Wednesday, August 27, 2008

Pies and Prejudice

Well, I was bought Stuart Maconie's Pies and Prejudice for my birthday last month. I was really looking forward to reading it, but to be honest, apart from the very occasional chuckle, it bored the fillings out of my teeth.

I was disappointed mainly on the point that Maconie appears to have lived in the south for far too long and hasclearly become very soft and soppy about t'north.

Now, I ain't thick (some would argue with that). I'm no academic neither (no one would argue with that). But I consider that I have a pretty average vocabulary, but Maconie, as a journalist and broadcaster, has a far better one, and doesn't he like to show it. For me, a good simple book about t'north could have done with being written more simply. Not 'showing off' as Maconie's, and my own Mam, would have said.

Maconie's basis for writing about any of the towns visited is largely based on a single recent re-visit. As a northerner I'm disappointed. As someone who lived in 'Skem' I can see that Maconie's view of at least this (and a few of the other towns I'm most familar with) is very accurate, but his commentary is dull. He seems to have written a book for a very southern audience where he can come across as the educated northerner taking them on a wee tour of t'north - some nice bits and some of the dirty bits (nice balance).

Pies and Prejudice, In Search of the North - well, based on a few day trips back home and a little beyond, Maconie was never going to find it was. And he didn't. If this was the other way round and someone had written a book about 'down south', then I would have come away thinking that it was small and deeply dull. This book gives no sense of scale of the north. It doesn't come close to delving into its depths or feeling its breadth. He would have been better writing a book about his home area, west Lancashire, and providing us with a more meaningful, deeper, grittier view of the area he knows intimately. As it is, his lack of knowledge of the wider north shines - simply cos he missed so much of out.
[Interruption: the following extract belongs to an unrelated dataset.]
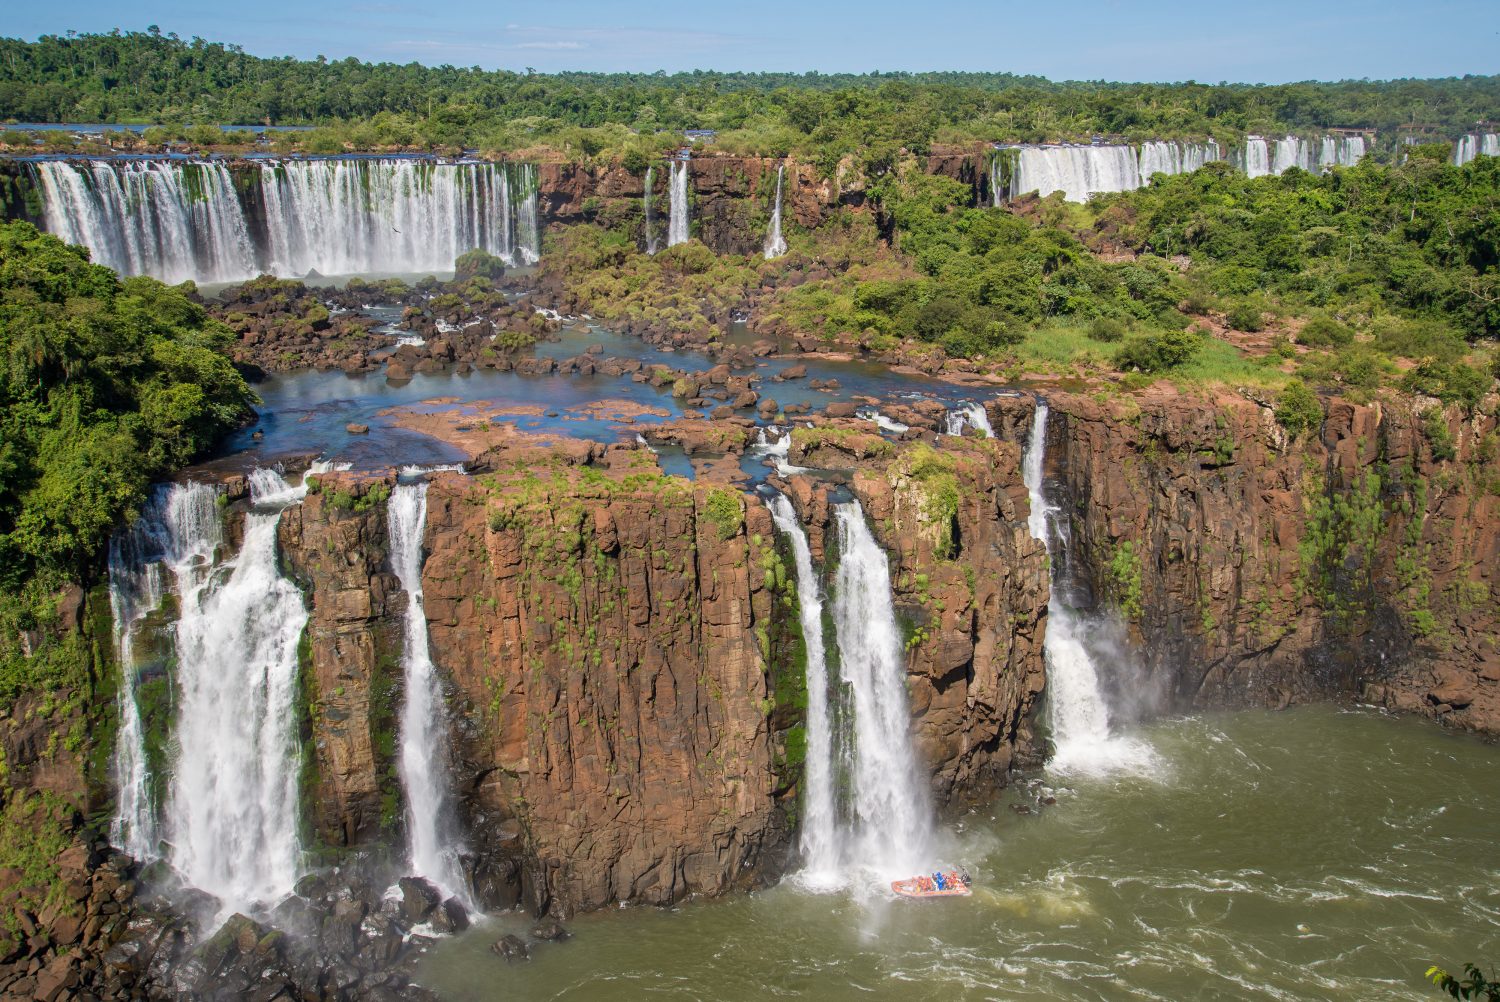 The Argentine side of the Iguaçu falls. 
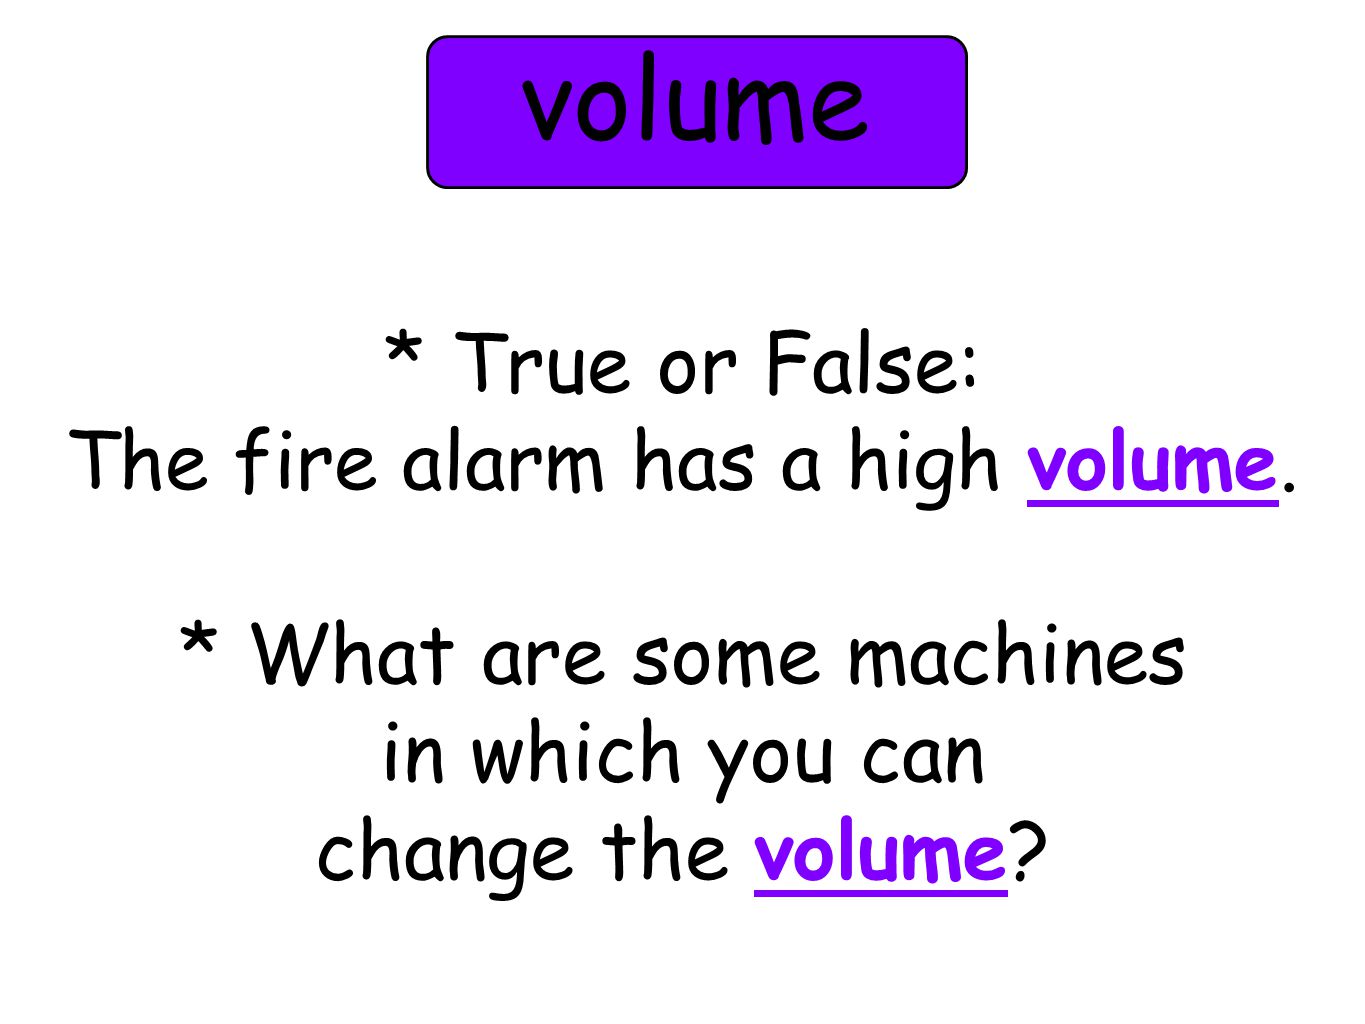 * True or False: The fire alarm has a high volume.

Pies and Prejudice scores 3/10 - and I'm being generous.

3 comments:

DorsetDipper said...

well I liked it. He's exactly the same age as me (although I was on the other side of the Pennines), so a lot of his musical memories chimed exactly, and I liked the anecdotes about his time as a journalist.

Steve said...

I'm roughly the same age as Maconie and grew up in the same towns as him (Skem and Wigan), sharing similar musical taste. Thats all fine, I get all that. But it doesnt offer anything new. Like most exiled northerners, I like nothing more than to reminisce about my northern roots, and was so looking forward to this. Just it fell way short of expectation. I greatly prefer Simon Armitage.

Peter and June said...

I thought Maconie's book was quite entertaining. I'm a native of the West Midlands and it reinforced all of my prejudices about both the north and the south of England.
I actually find his musical taste rather baffling - there were lots of references to bands I have never heard of, he is a Morrissey fan (!) and he obviously rates The Beatles much higher than I do. I guess it's an age thing!